Could CDFA’s ACP Control Policy Devastate Our Citrus Industry Like Florida’s?

Citrus Industry is Fired Up Over Softened ACP Control Policy

By Patrick Cavanaugh

 

It seems that CDFA officials are giving up on controlling the Asian Citrus Psyllid (ACP) in Central California citrus growing areas! It sure looks like it.

Ever since the May 12 ACP trappings in the Lindsay area of Tulare County, there has been a major back-step in what has been an aggressive mandatory spray program to control any possible live psyllids within an 800-meter radius around the trap.

Now CDFA is suggesting that the spray programs should be voluntary and only 400 feet around the trap find.

According to Joel Nelsen, president of the Exeter-based California Citrus Mutual, “The conversation relative to the change in eradicating or treating for the ACP came about with a discussion between a few members of the scientific community and the department.”

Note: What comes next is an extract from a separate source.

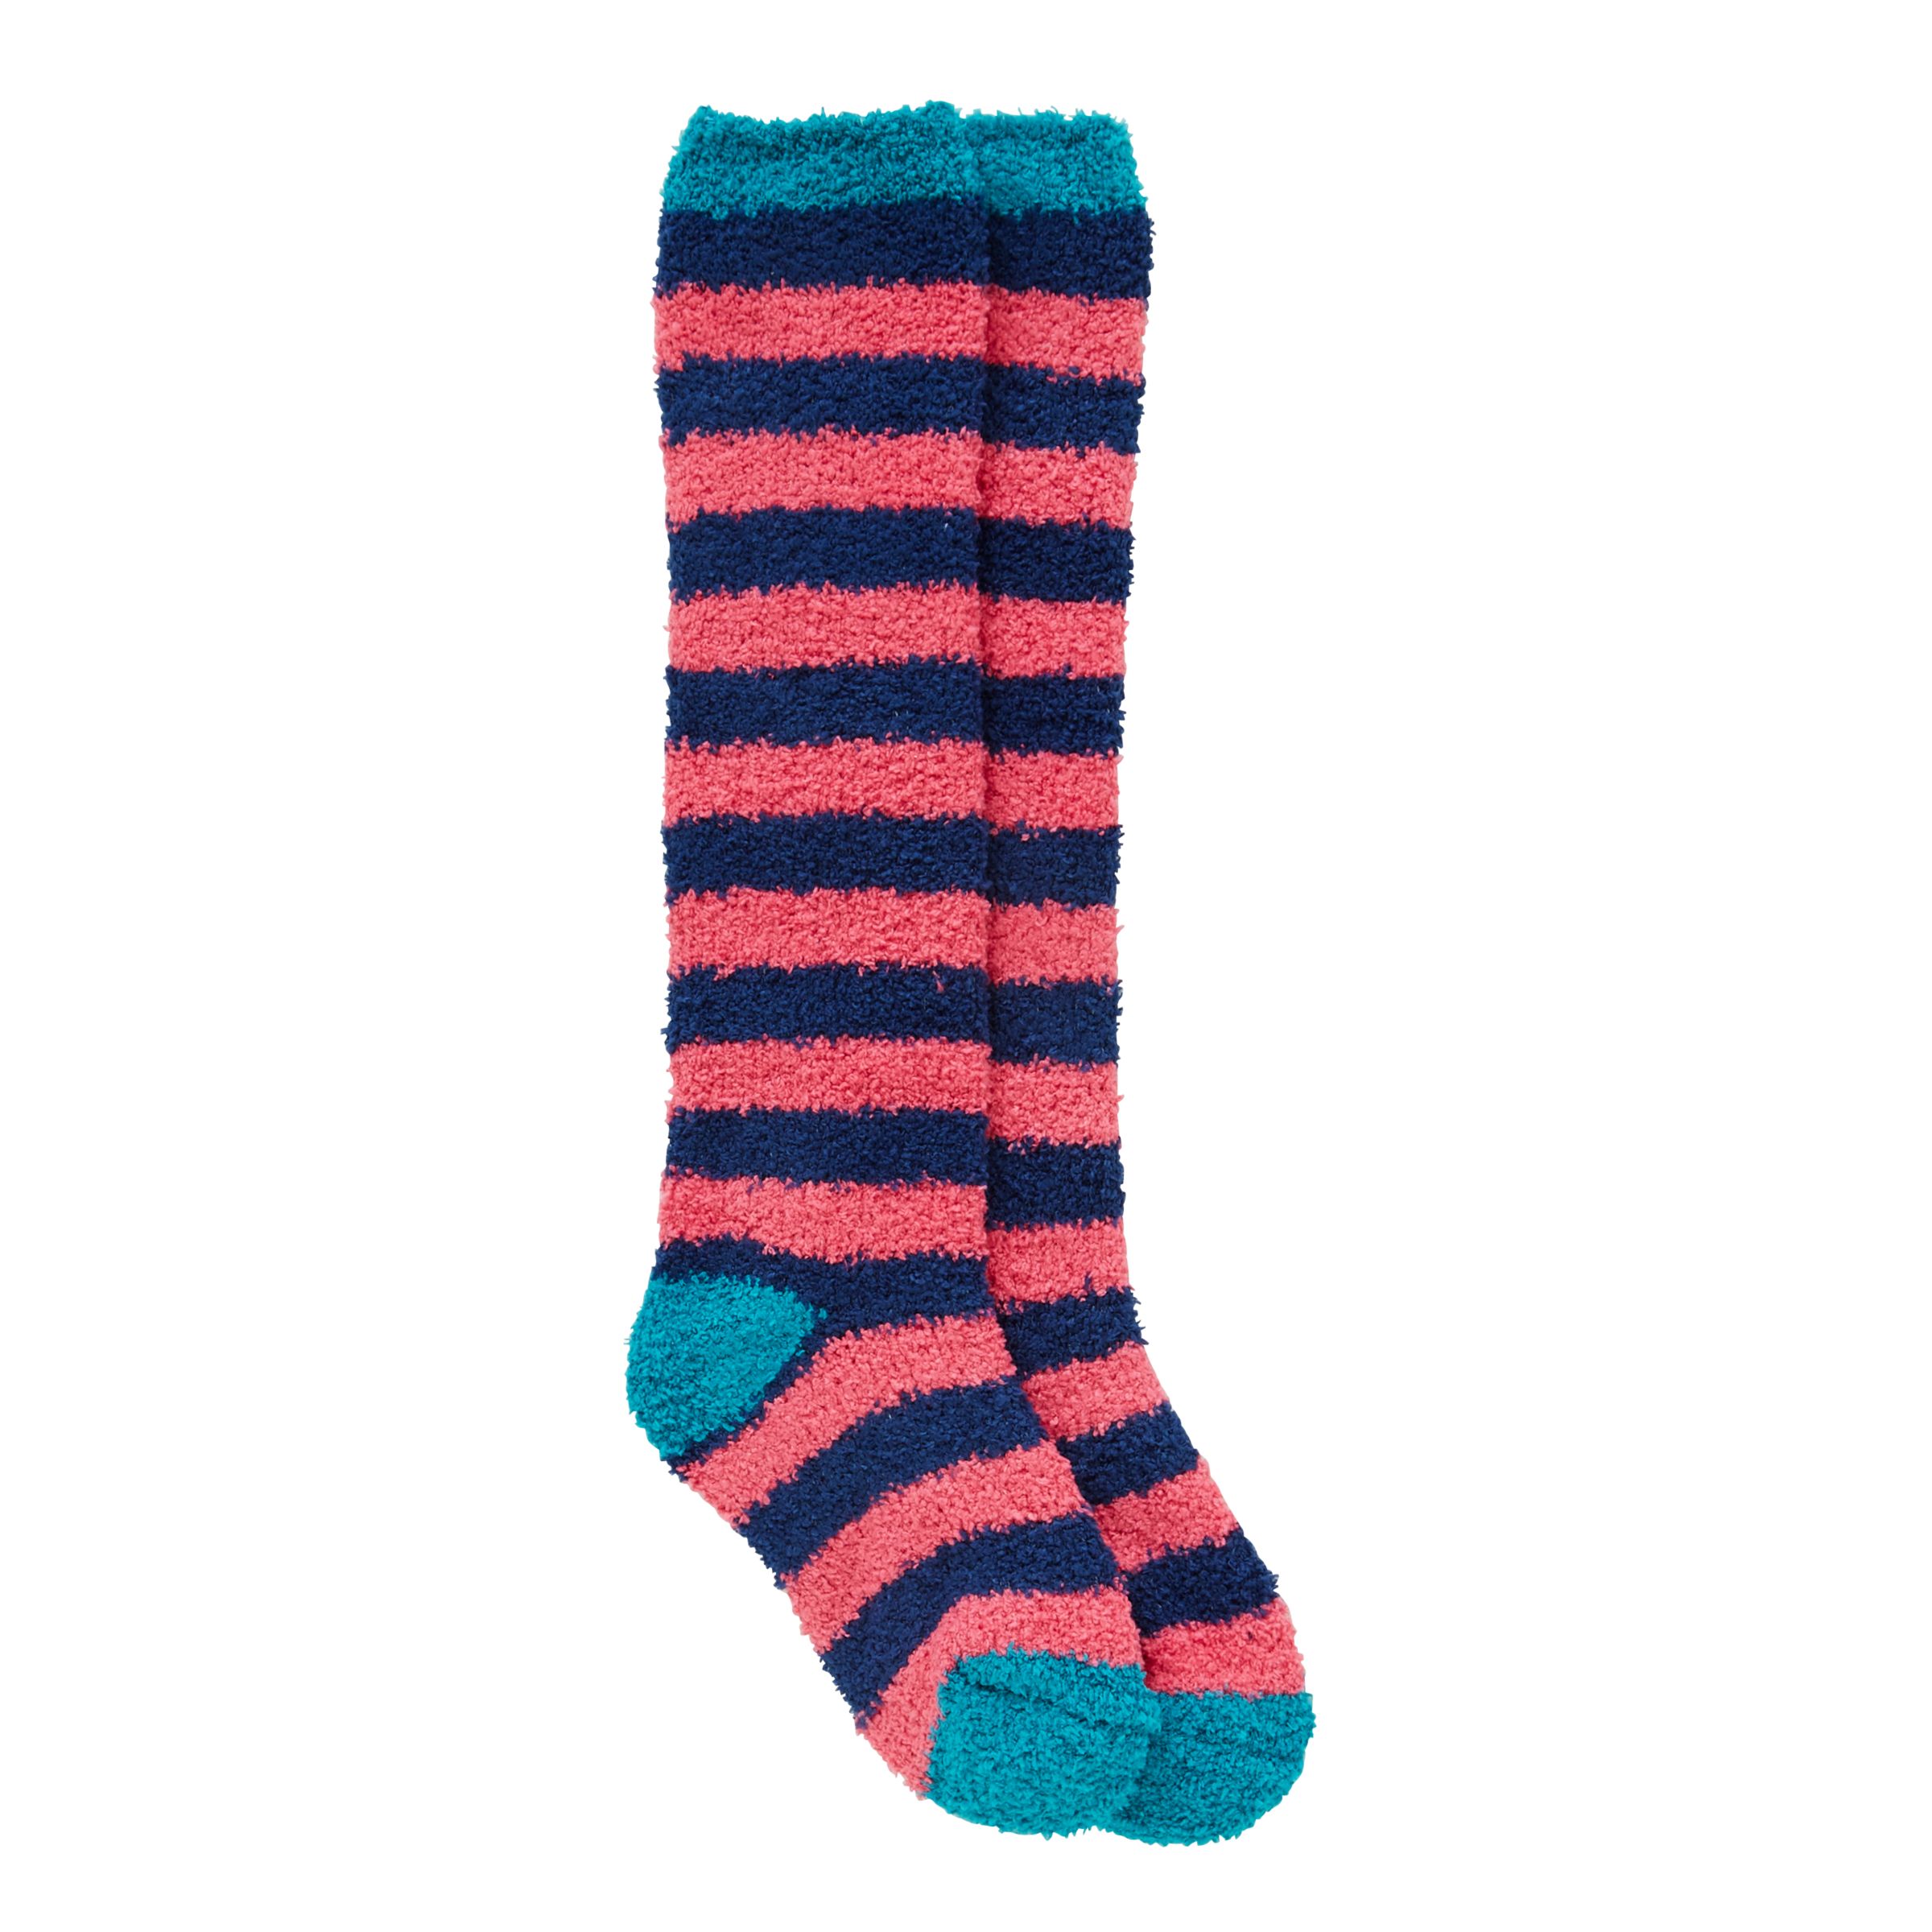 John Lewis Children's Striped Fluffy Welly Socks

“Frankly, the industry was unaware of this possible change in the program. When it was first released to the AG commissioner, it shocked everybody–is my understanding,” Nelsen said.

“And as a result, last Friday afternoon, the executive committee members from our pest and disease management committee had a very direct conversation with senior leadership of the CDFA. I understand that the conversation was extremely candid, somewhat emotional; if the industry to is going to be supporting a program to the tune of 15 million dollars, they want a say in how the program is run. And evidently, the Department of Agriculture is making some subjective decisions that we don’t believe are appropriate.”

“From my perspective, there were mistakes made at the onset of this program that we had to learn from; and if we don’t take seriously—psyllid control, psyllid control, psyllid control!—we’re going to end up in the same type of quandary that our colleagues in Florida, Texas, Mexico and even Brazil are in.

Too many psyllids, an endemic population, some of which will contract citrus greening disease and eventually contaminate citrus trees, could devastate central California’s $2 Billion industry. “If we even allow one psyllid to continue to foster a population, then we have failed at our effort. And so from the perspective of Citrus Mutual, we are in an eradication mode,” Nelsen said.

“We are in a position in which we can find isolated psyllids and treat, and we are in position where continuous trapping and tapping (with bats and trays in searching for psyllids) and intensive trapping is not finding an endemic population. So for the department to argue that the population is endemic, its a ‘what if’ scenario that we don’t think is appropriate.”

Nelsen said that the pushback by his pest and disease management committee might have made a difference. “I haven’t received anything, but I think that conversation last Friday afternoon yielded some intended results. There’s a reconsideration, and I give a lot of credit to the industry members who stood up the department; but until it happens, its not real,” he said.